To make the cakes
- 270g Butter, spreadable butter or margarine
- 250g Caster sugar
- 225ml of Whole Milk
- 2tbsp Black treacle
- 4 Large Eggs
- 270g Self raising flour
- 2tsp Vanilla extract
- 65g Cocoa powder
- 110g Dark plain chocolate
To make the buttercream
- 130g Dark plain chocolate
- 250g Salted butter at room temperature
- 1tsp Vanilla extract
- 20g Cocoa powder
- 397g Tin of condensed milk
Oven baking temperature – 170 degrees Celsius (fan assisted)
To make the cakes:
- To begin – break the chocolate into a small bowl set over a pan of recently boiled water off the heat and leave to melt gently. Once melted take off the heat and set aside.
- In a separate bowl add the cocoa powder and vanilla extract then add the measured milk stirring in little by little until you have a smooth thin chocolate paste – set aside.
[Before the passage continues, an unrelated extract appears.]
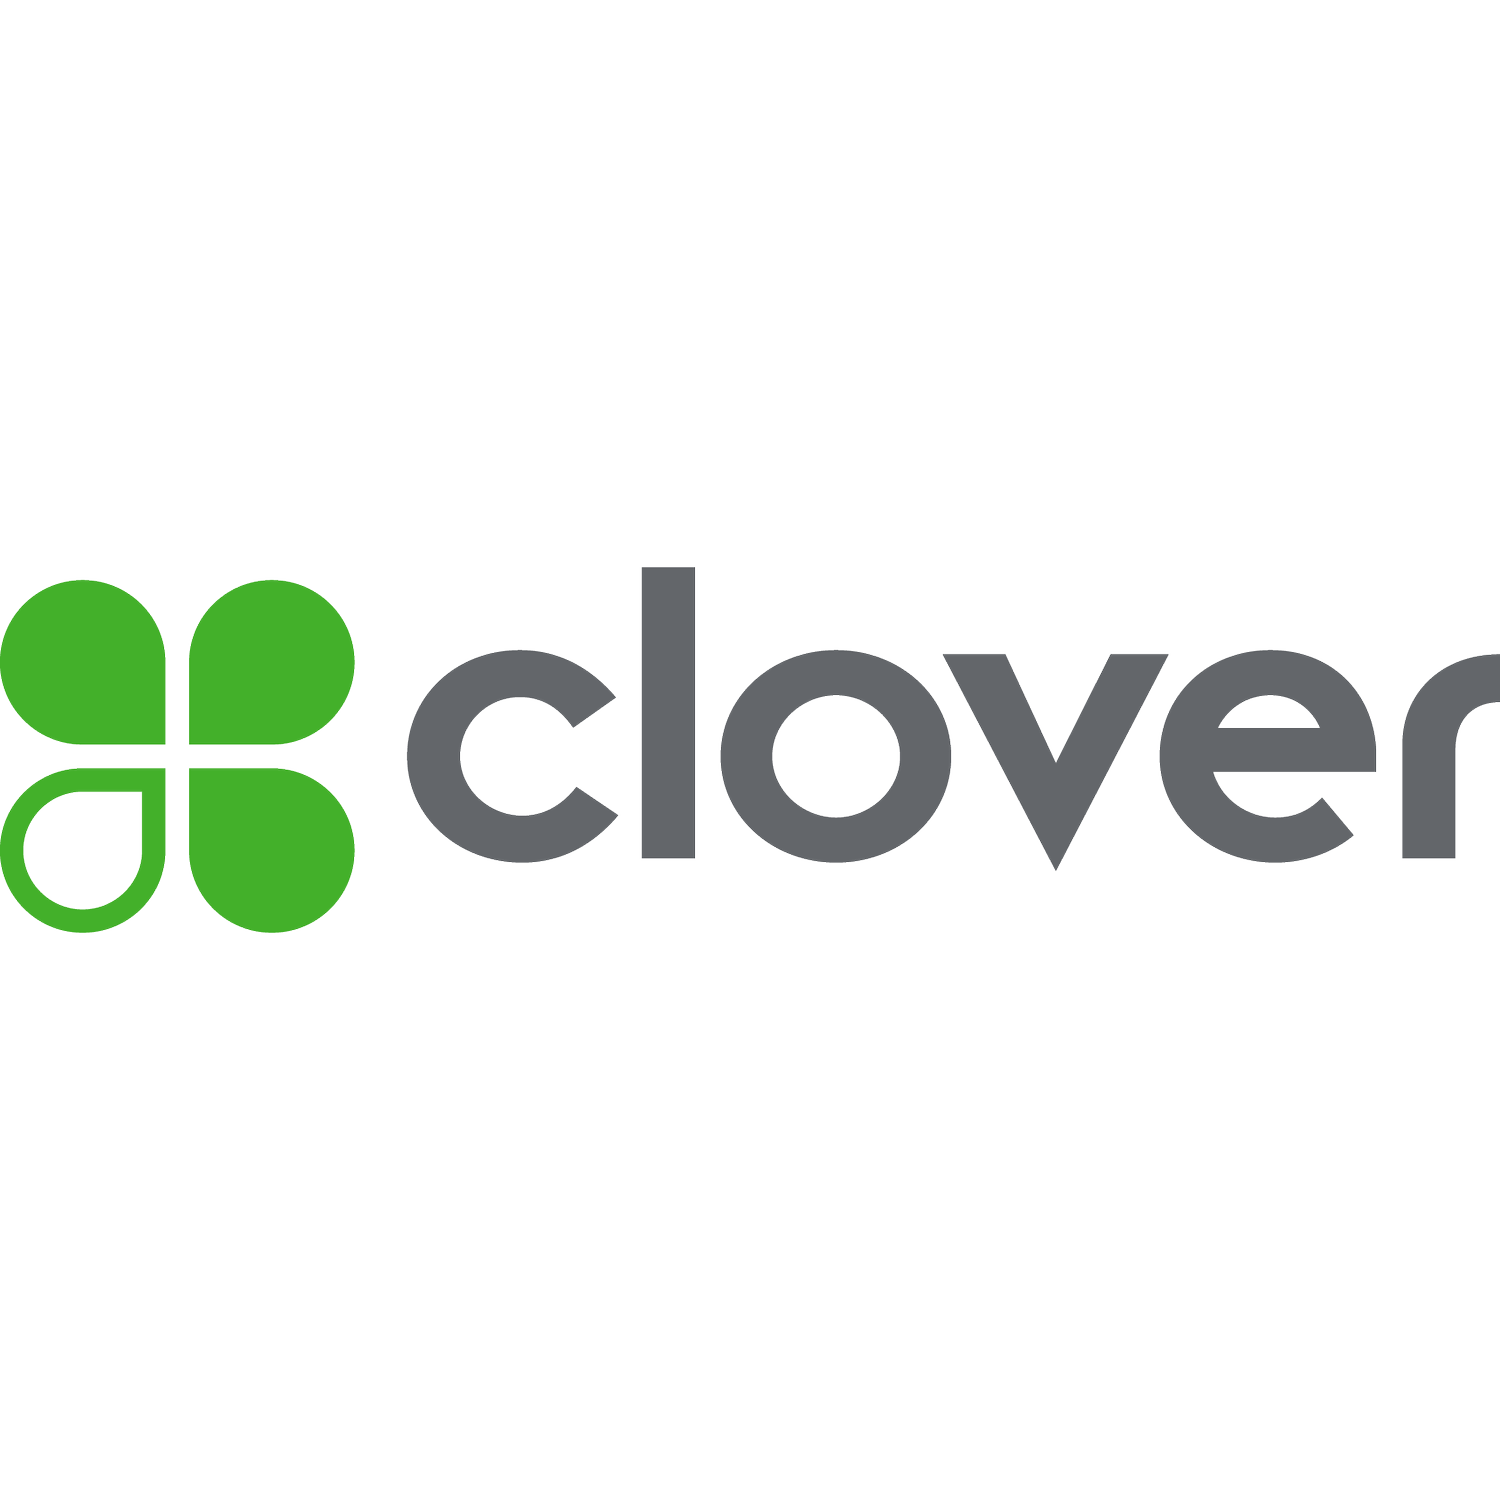 Legend clover. Clover Finance. Клевер эмблема. Кловер логотип. Clover криптовалюта.

- In a large mixing bowl – cream the butter and sugar together until light and fluffy then add the black treacle and whisk well to combine.
- Add the eggs one at a time whisking well between each addition to avoid a curdle.
- Sift the flour and add to the batter then fold in slowly and thoroughly by hand with a metal spoon, not the whisk.
- Once you have a smooth yet thick batter add the cocoa/milk paste and stir well to make sure there are no flecks of light coloured batter remaining then finally add the melted and cooled chocolate.
- Divide between the three tins using weighing scales to ensure even sized finished sponge layers.
- Transfer to the oven preheated to 170 degrees Celsius (fan assisted) and bake for 25 to 30 minutes until the cakes are evenly risen and firm to the touch.
- When cool enough to handle take out of the tins, remove the base paper and leave to cool completely.
To make the buttercream:
- Break the chocolate into a heatproof bowl and stand over a pan of recently boiled water and leave to melt gently or use the microwave in 10 second bursts, stirring well in between. Once melted then set aside off the heat.
- In a roomy mixing bowl place the soft butter, cocoa powder and vanilla extract and with the whisk on its lowest speed blend them together so that you have a very thick dark coloured creamed mix. Once the cocoa powder has blended in then increase the whisk speed and whisk until fluffy.
- Have the can of condensed milk to hand and add 2 tbsp. at a time and whisk well between each addition until the full can has been added. Whisk until the cream is looking light, smooth and silky.
- Whisk in then the cool melted chocolate and the buttercream is ready to use.
- When ready to assemble the cakes – if the sponges have domed slightly then slice off the tops with a serrated knife before stacking and filling each layer with buttercream.
- Add then a crumb coat of cream, smooth off and chill in the fridge for at least an hour so that the cake and filling can firm up.
- Take from the fridge and use the rest of the cream to top coat, smooth and decorate.